To further confirm the role of Rac1 in cocaine-induced spine plasticity in NAc, we repeated our morphological experiments using the floxed Rac1 mice. Consistent with our Rac1-dn results, HSV-Cre knockdown of Rac1 selectively in the NAc increased total spine density, and this increase was largely due to an increase in thin spines, with no changes observed in the density of stubby or mushroom spines (Fig. 4m).

We next used our photoactivatible Rac1 mutants to further explore the role of Rac1 in regulation of NAc neuron spine density in a more temporally precise manner. Brief light stimulation of animals injected intra-NAc with HSV-Rac1-pa following each injection of cocaine blocked the cocaine induction of spines (9.36 ± 0.306 spines per 10 μm (n=5 mice) vs. 9.78 ± 0.1059 for GFP saline controls (n=4 mice)) compared to the light insensitive mutant HSV-Rac1-pa(C450A) (12.0 ± 0.970 spines per 10 μm vs. 12.5 ± 0.343 for GFP cocaine; n=4 mice per group; F3,16=9.26, p<0.001; analyzed by ANOVA). These findings demonstrate that preventing the transient decrease in Rac1 activity in the NAc is sufficient to block cocaine-induced structural plasticity of medium spiny neurons.

Discussion

The findings of this study provide fundamentally novel insight into the molecular basis by which cocaine induces dendritic spine plasticity in the NAc. The data establish that downregulation of Rac1 activity induced by repeated cocaine is both necessary and sufficient for the cocaine-mediated increase in thin dendritic spines on NAc medium spiny neurons. The transient reduction in Rac1 signaling enhances actin turnover, as evidenced by the decrease in the inactive (phosphorylated) form of cofilin, which leads to more coflin activity and more thin spines. Our results also directly relate such downregulation of Rac1 signaling, and enhanced cofilin activity, in the NAc to greater sensitivity to the rewarding effects of cocaine. Indeed, the use of Rac1-pa, which allowed the novel manipulation of an intracellular signaling protein in real time in vivo, made it possible to examine the structural and behavioral consequences of the highly transient cocaine-induced decrease in Rac1 activity selectively within the adult NAc.

While our findings are in agreement with previous results demonstrating the importance of the cofilin pathway and actin dynamics in cocaine-induced structural plasticity, the precise details of cocaine regulation of cofilin phosphorylation are more complicated1618. For example, Shen et al.17 reported no change in p-cofilin, but an increase in total cofilin, in response to a cocaine challenge in rats withdrawing from prior chronic cocaine exposure. This contrasts with our data showing a transient decrease in p-coflin, and no change in total cofilin, in response to a cocaine challenge. These apparent discrepancies may be due to several factors that are known to be critical for drug-induced plasticity, such as the use of rats vs. mice, the withdrawal times after the course of chronic cocaine (24 hours in our experiments and 3 weeks in Shen et al.), or methodological differences in measuring cofilin (total NAc extracts in our study and crude postsynaptic density fractions in Shen et al.). Importantly, however, the net effect—an increase in cofilin and actin dynamics—is the same in both studies.
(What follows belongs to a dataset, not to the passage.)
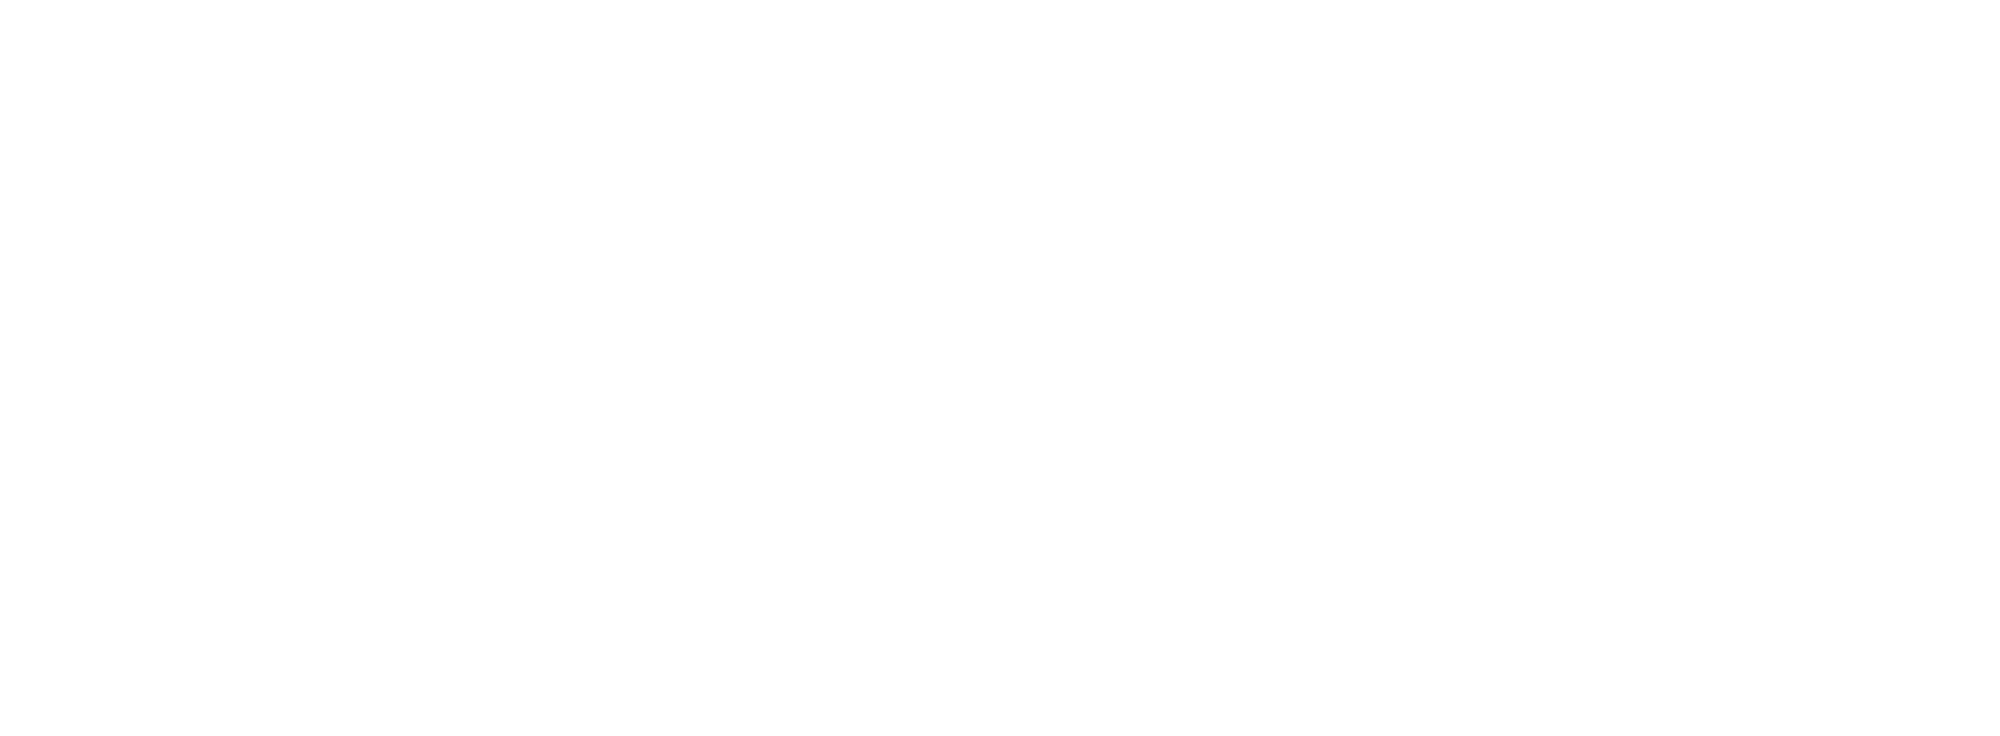 Wey Engineering | Conceptual Roadway Design

Moreover, the finding that inhibiting actin turnover by local injection of latrunculin into NAc blocks cocaine-induced increases in spine density and locomotor sensitization18, along with the report of RhoA GTPase downregulation by chronic cocaine36, further support the role of enhanced actin dynamics in mediating structural and behavioral plasticity to chronic cocaine.

Previous reports have suggested that Rac1 activity promotes spine development, while inhibition of Rac1 reduces spine number, in other neural systems37. However, the role of Rac1 in the regulation of actin dynamics and spine morphology is far more complicated and depends on many factors such as age and neuronal type, and may even vary between in vivo vs. in vitro systems22, 23, 25. Here, we demonstrate that decreased Rac1 signaling in the NAc in vivo increases spine formation, particularly of more immature, thin spines through a cofilin-mediated mechanism. Cofilin activity has been shown previously to increase actin depolymerization, nucleation, and branching, ultimately leading to thinner spines and new cellular protrusions38. However, it should be noted that the changes in Rac1 and cofilin activity observed here may not occur exclusively at the spine, but could instead occur throughout the entire neuron, including the soma where Rac1 has been shown to regulate gene transcription39.

Cocaine-induced behavioral and synaptic plasticity has been strongly associated with adaptations in excitatory glutamatergic transmission in the NAc6, 4043. For example, at early withdrawal time points after the last cocaine exposure, including those examined here, there is an increase in thin (more highly plastic) spines and synaptic depression17, 44, perhaps representing an increased pool of silent synapses45. The role of Rac1 signaling in mediating silent synapse formation, which has not yet been investigated directly, now warrants examination. It will also be important in future studies to determine whether the influence of Rac1 on cocaine regulation of spine plasticity of NAc medium spiny neurons is selective for various subtypes of these neurons, which play distinct roles in the addiction process35.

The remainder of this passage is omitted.